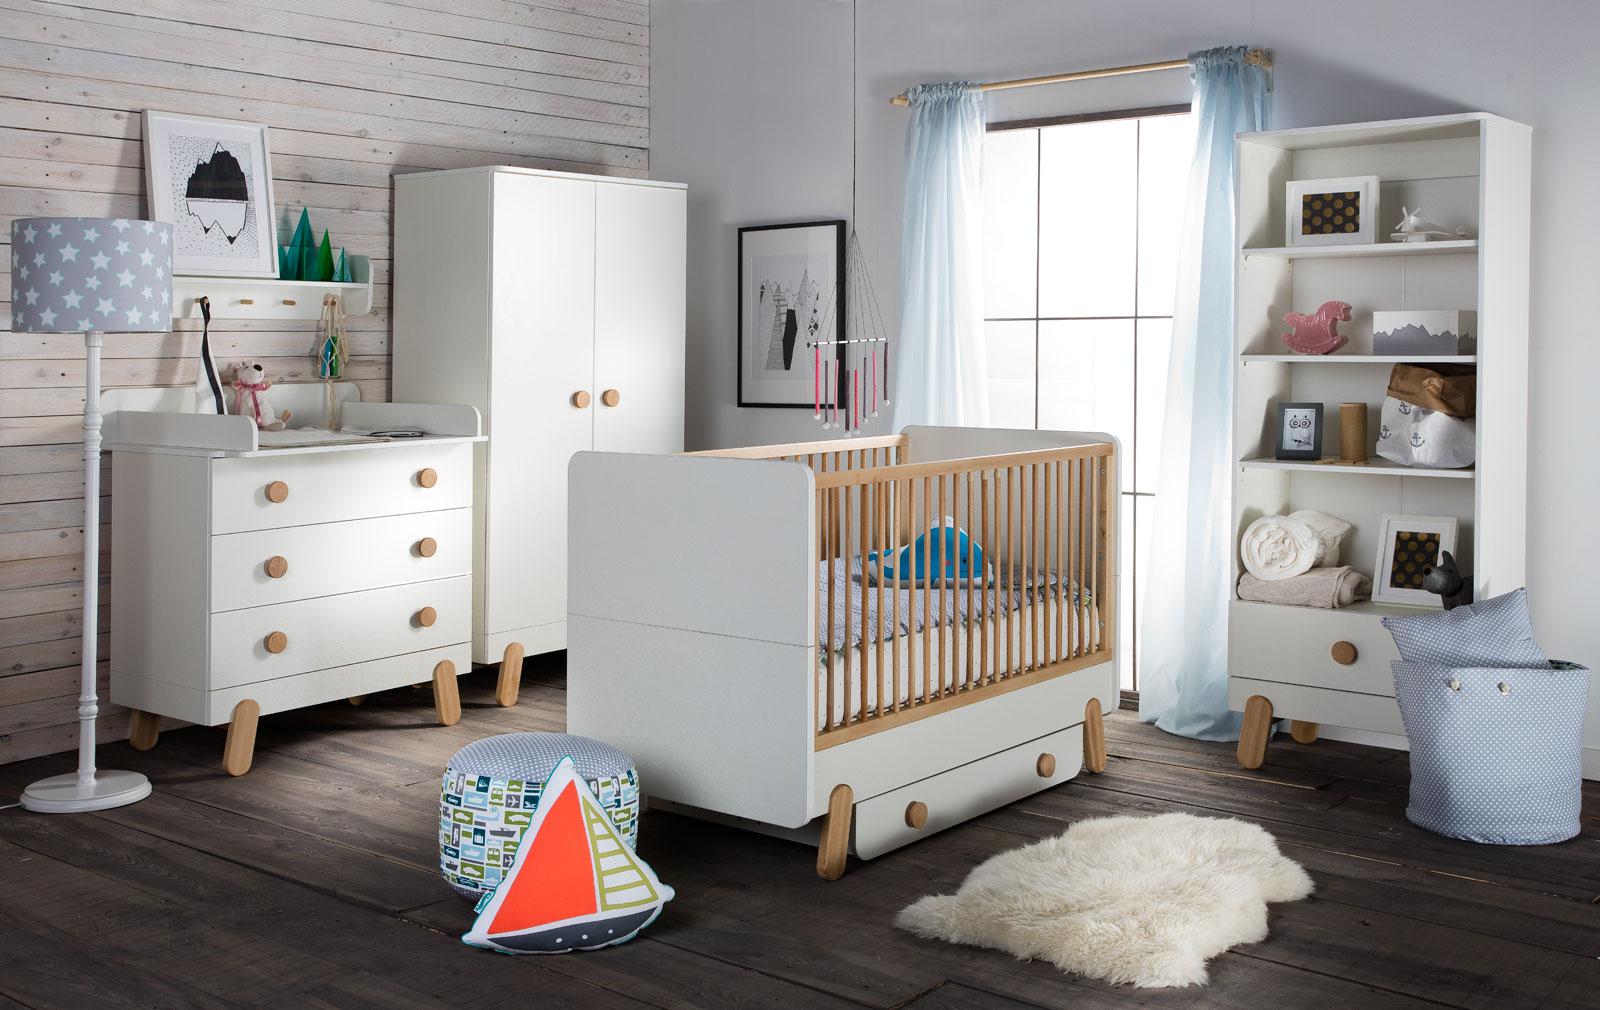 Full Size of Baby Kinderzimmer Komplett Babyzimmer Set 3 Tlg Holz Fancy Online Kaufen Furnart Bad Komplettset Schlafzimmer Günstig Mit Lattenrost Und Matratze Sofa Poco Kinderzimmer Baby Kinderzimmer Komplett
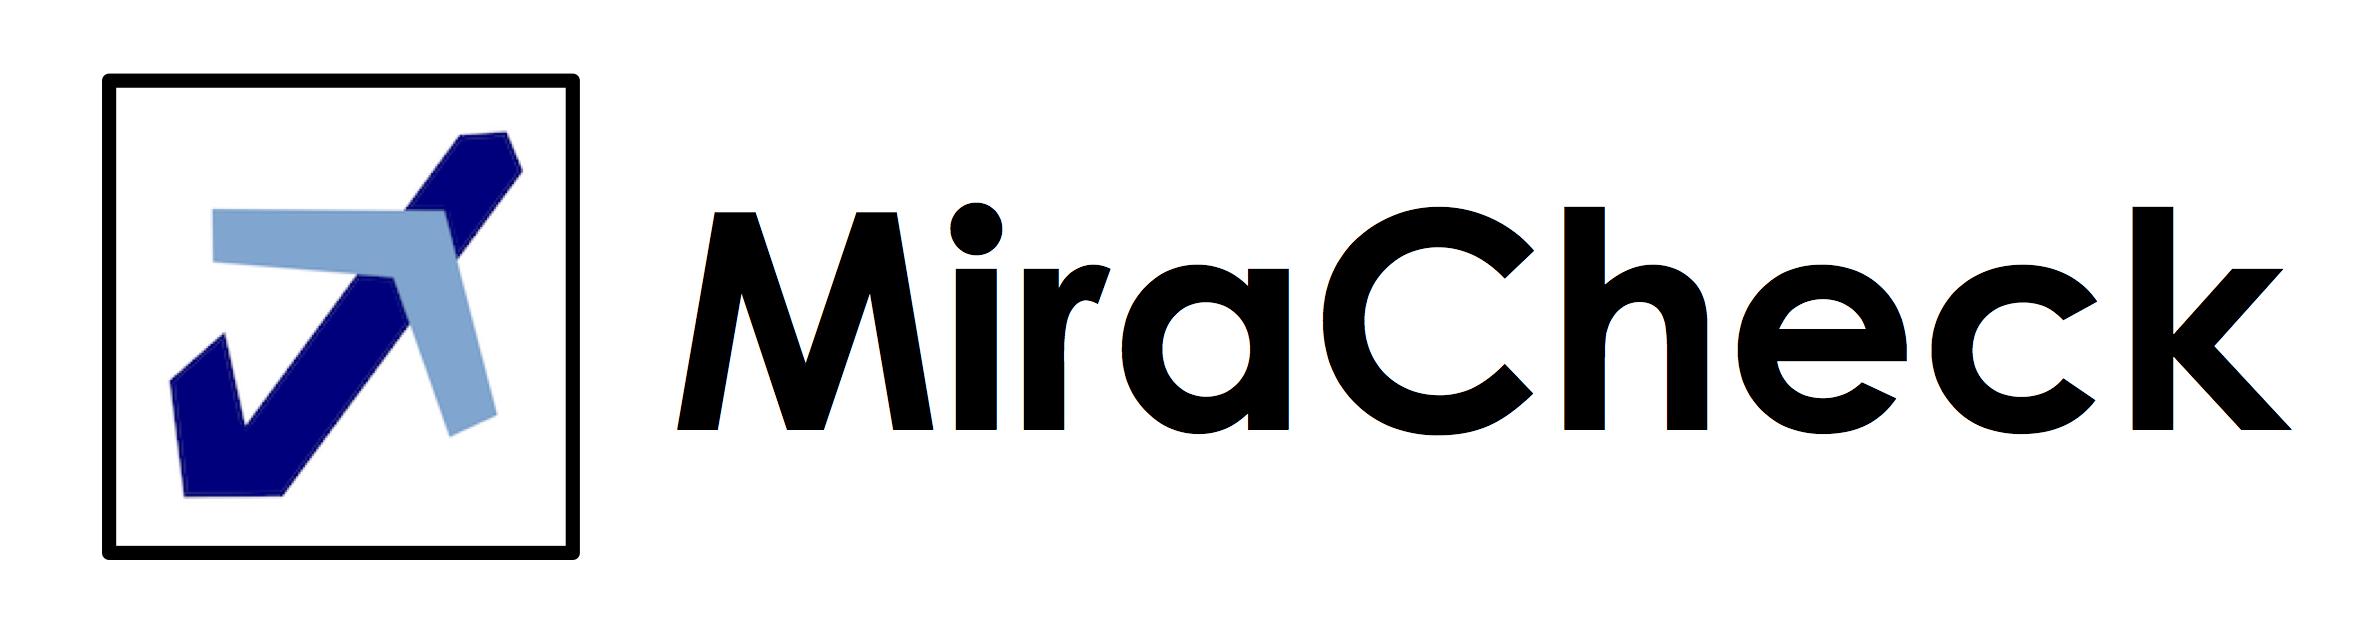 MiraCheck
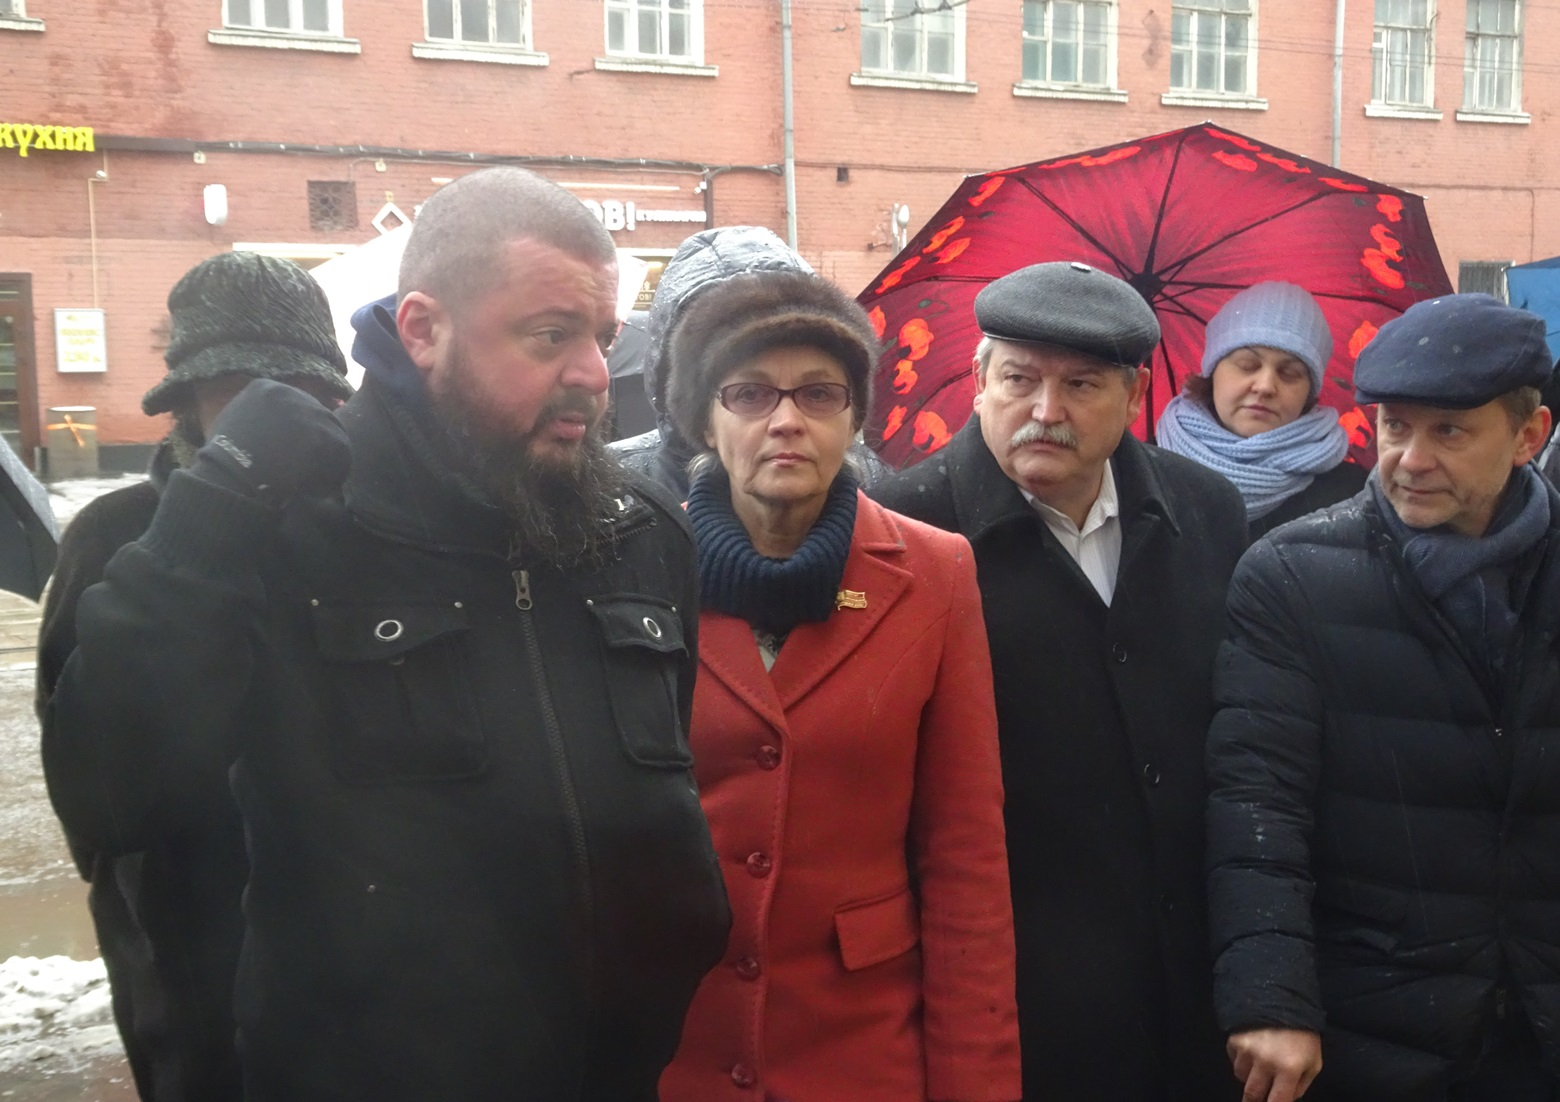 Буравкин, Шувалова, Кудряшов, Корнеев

_ _ _ _ _

Activity: Restate the listing word for word, pictures omitted.

Response to the exercise:
 Full Size of Baby Kinderzimmer Komplett Babyzimmer Set 3 Tlg Holz Fancy Online Kaufen Furnart Bad Komplettset Schlafzimmer Günstig Mit Lattenrost Und Matratze Sofa Poco Kinderzimmer Baby Kinderzimmer Komplett
 MiraCheck
 Буравкин, Шувалова, Кудряшов, Корнеев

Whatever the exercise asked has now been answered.